Aviation Investigation Report A98H0003

1.6.1  General

  1. - MD-11 Design and Configuration
  2. - Weight and Balance
  3. - Aircraft Coordinate System
  4. - Cockpit Attic and Forward Cabin Drop-Ceiling Areas – Description

Table 5: General Information about the Occurrence Aircraft (HB-IWF)

Manufacturer McDonnell Douglas Corporation
Type and Model MD-11
Year of Manufacture 1991
Serial Number (SN) 48448
Certificate of Airworthiness Issued 28 July 1991
Total Airframe Time (hours) 36 041
Engine Type (number of) Pratt & Whitney 4462 (3)
Maximum Take-Off Weight 285 990 kilograms (kg)
Recommended Fuel Types Jet A, Jet A-1, JP-5, JP-8, Jet B
Fuel Type Used Jet A  MD-11 Design and Configuration

The McDonnell Douglas MD-11 design project began in 1986. The MD-11 design is structurally based on the McDonnell Douglas DC-10 design (see Figure 1 and Figure 2). The MD-11 was designed for more economical and efficient operation than the DC-10, by incorporating modern, automated systems. The redesign automated most of the functions that were performed by the flight engineer in the DC-10, thereby allowing for a two-crew cockpit. The first MD-11 flight was on 10 January 1990 and delivery of the aircraft to the first customer was on 7 December 1990. The occurrence aircraft was manufactured in 1991 and was put directly into service by Swissair.
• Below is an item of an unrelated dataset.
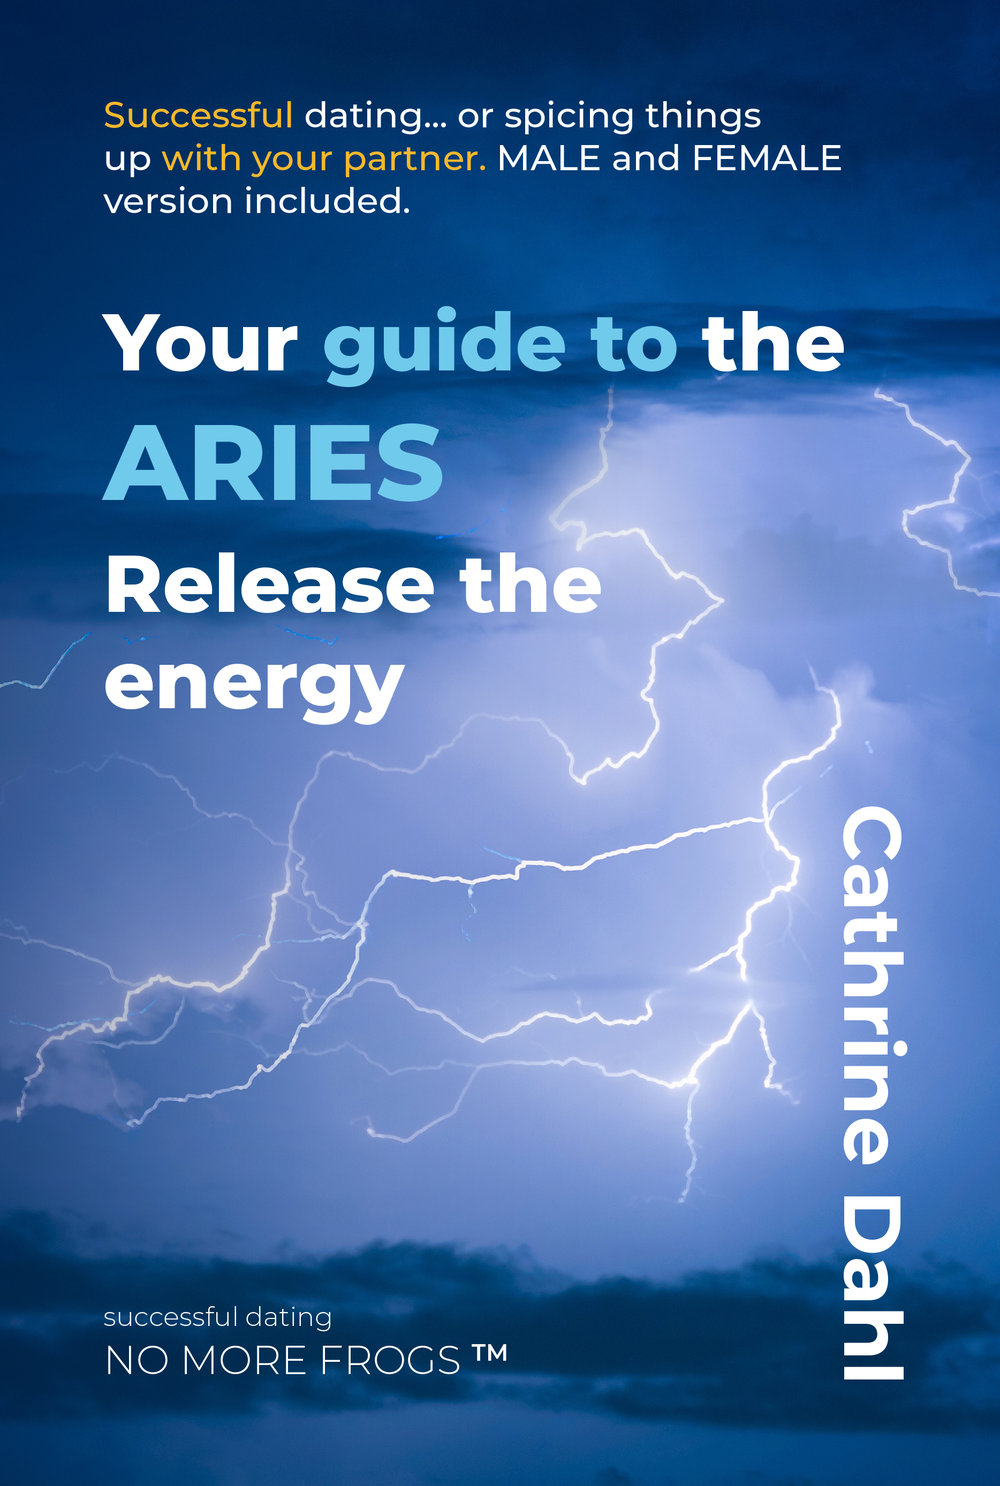 Aries - Rediscover your partner - Release the Energy (Copy)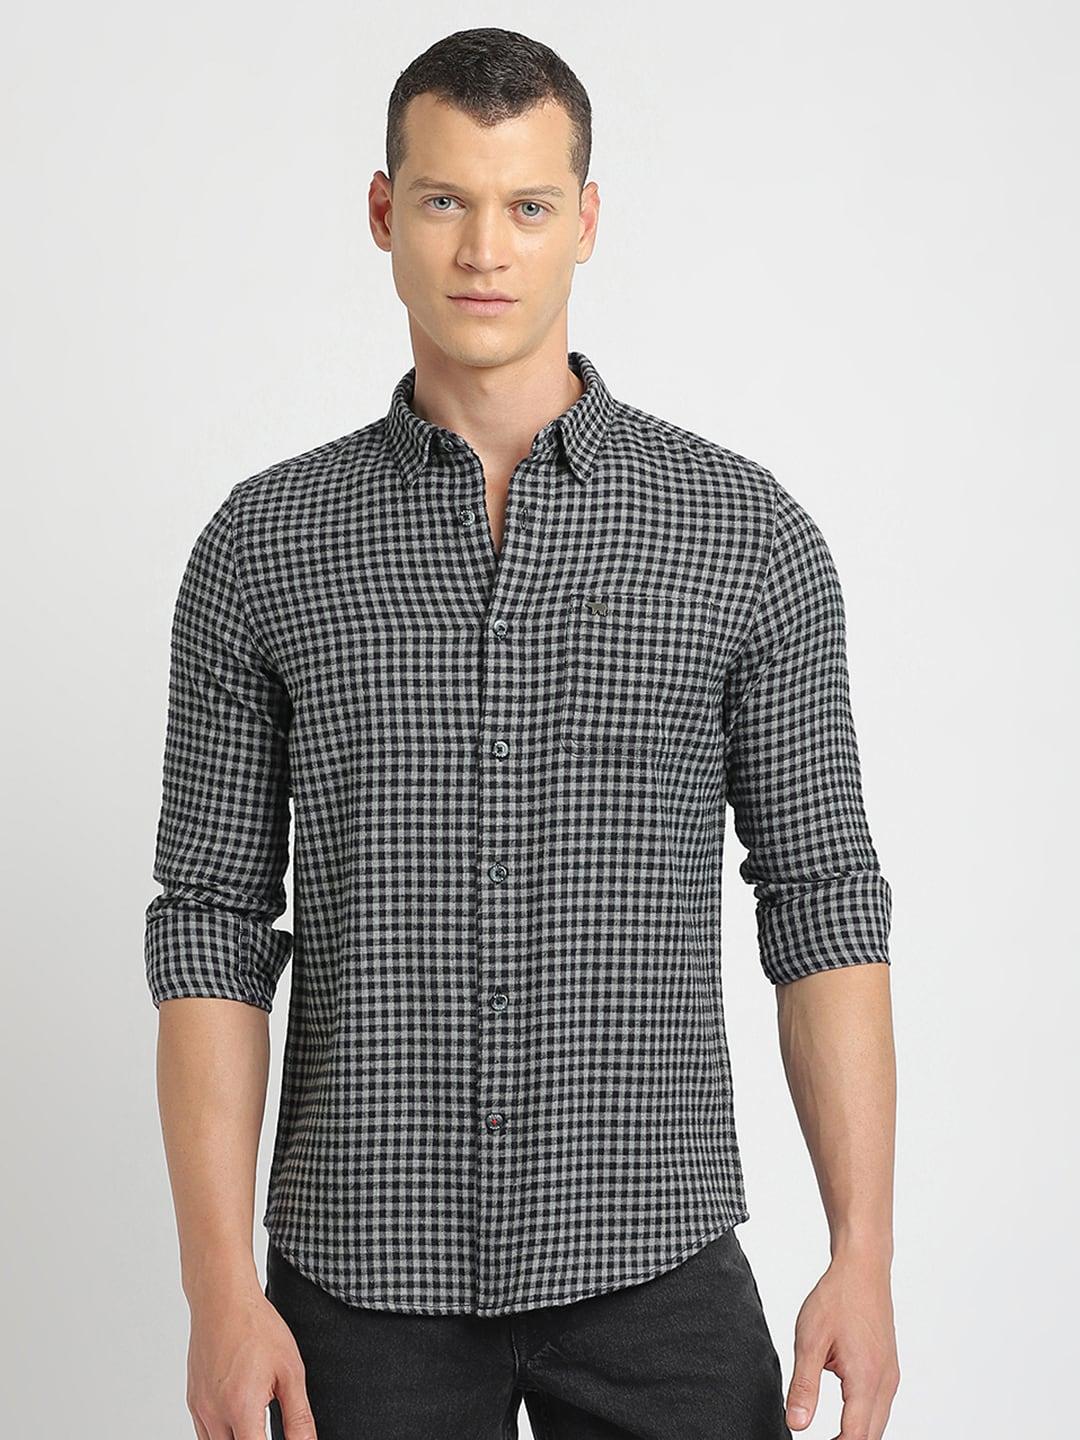 the-bear-house-slim-fit-tartan-checked-casual-pure-cotton-shirt

As the MD-11 was manufactured and certified in the United States (US) in accordance with applicable Federal Aviation Regulations (FAR), the regulatory focus of this report is directed toward the Federal Aviation Administration (FAA). Many civil aviation authorities (CAA) have drafted or harmonized their respective certification and continuing airworthiness regulations based on the FAA model; therefore, the issues in this report may also apply to other regulatory authorities.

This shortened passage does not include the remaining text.